Uggla failed of course. I guess he still gets a World Series ring because the Giants give them to everyone, but he failed and he was sent packing just a few days later. At that point Sabean decided to let Joe Panik, one of those replacements for Scutaro, have the job. Panik improved all season long. Tonight he made the key defensive play of the game, turning a sweet double play that halted a would-be Royals rally. Sabean’s decision paid off.

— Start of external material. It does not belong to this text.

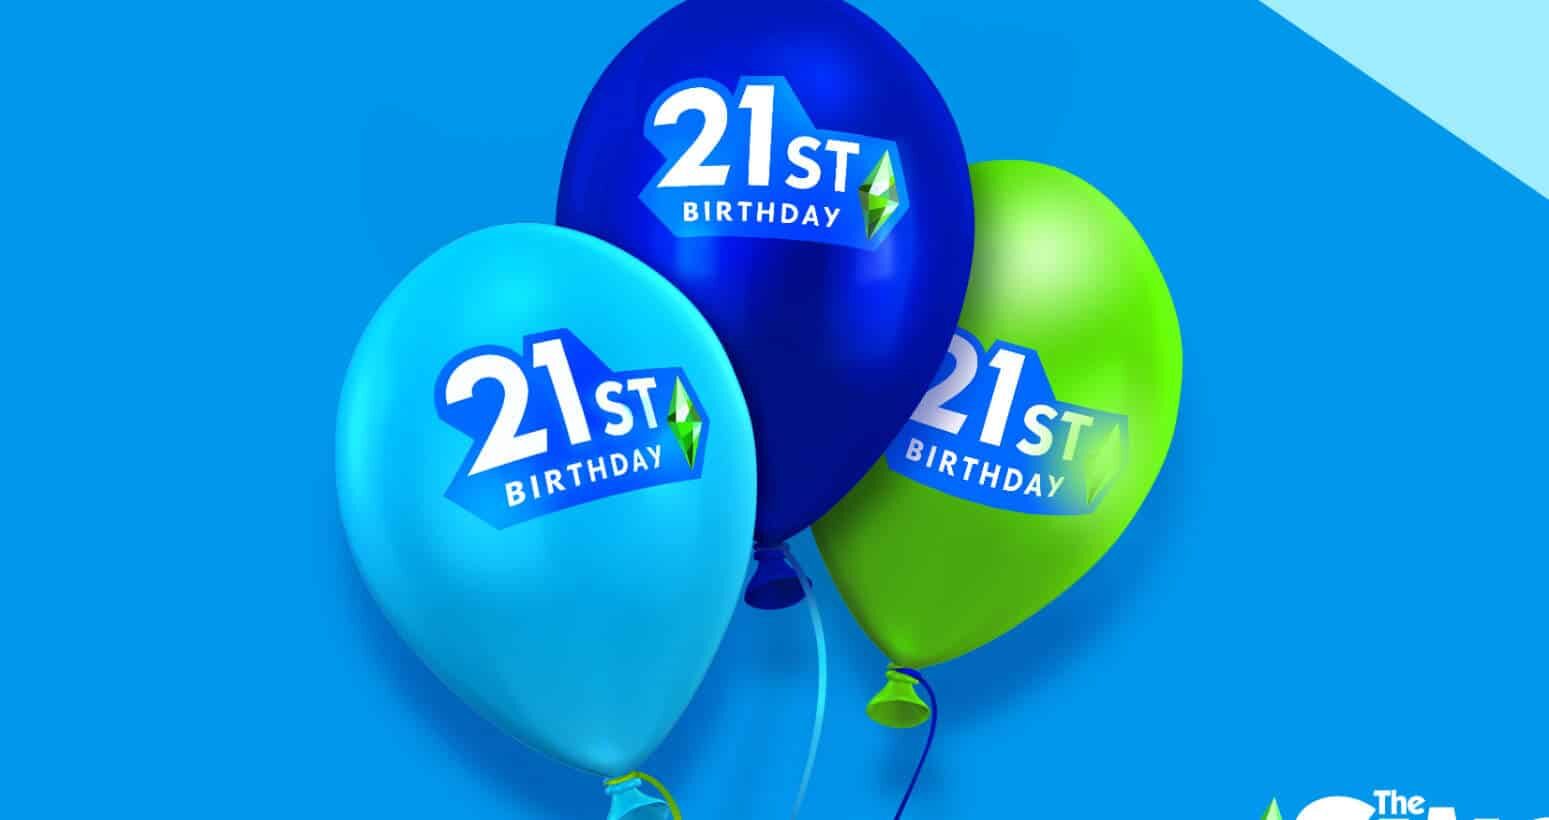 The Sims 21st Anniversary Birthday Celebration

As did many others. Trading for Jake Peavy who, while he laid an egg in the World Series, certainly helped the Giants stay afloat when they were sinking. Taking a chance on Michael Morse when a lot of teams passed. The Tim Hudson deal. Not that this is new for Sabean and the Giants. In the past he picked up Burrell, Javier Lopez and Cody Ross. Marco Scutaro and Hunter Pence. Way back in the day he got Jeff Kent when everyone thought he should keep Matt Williams.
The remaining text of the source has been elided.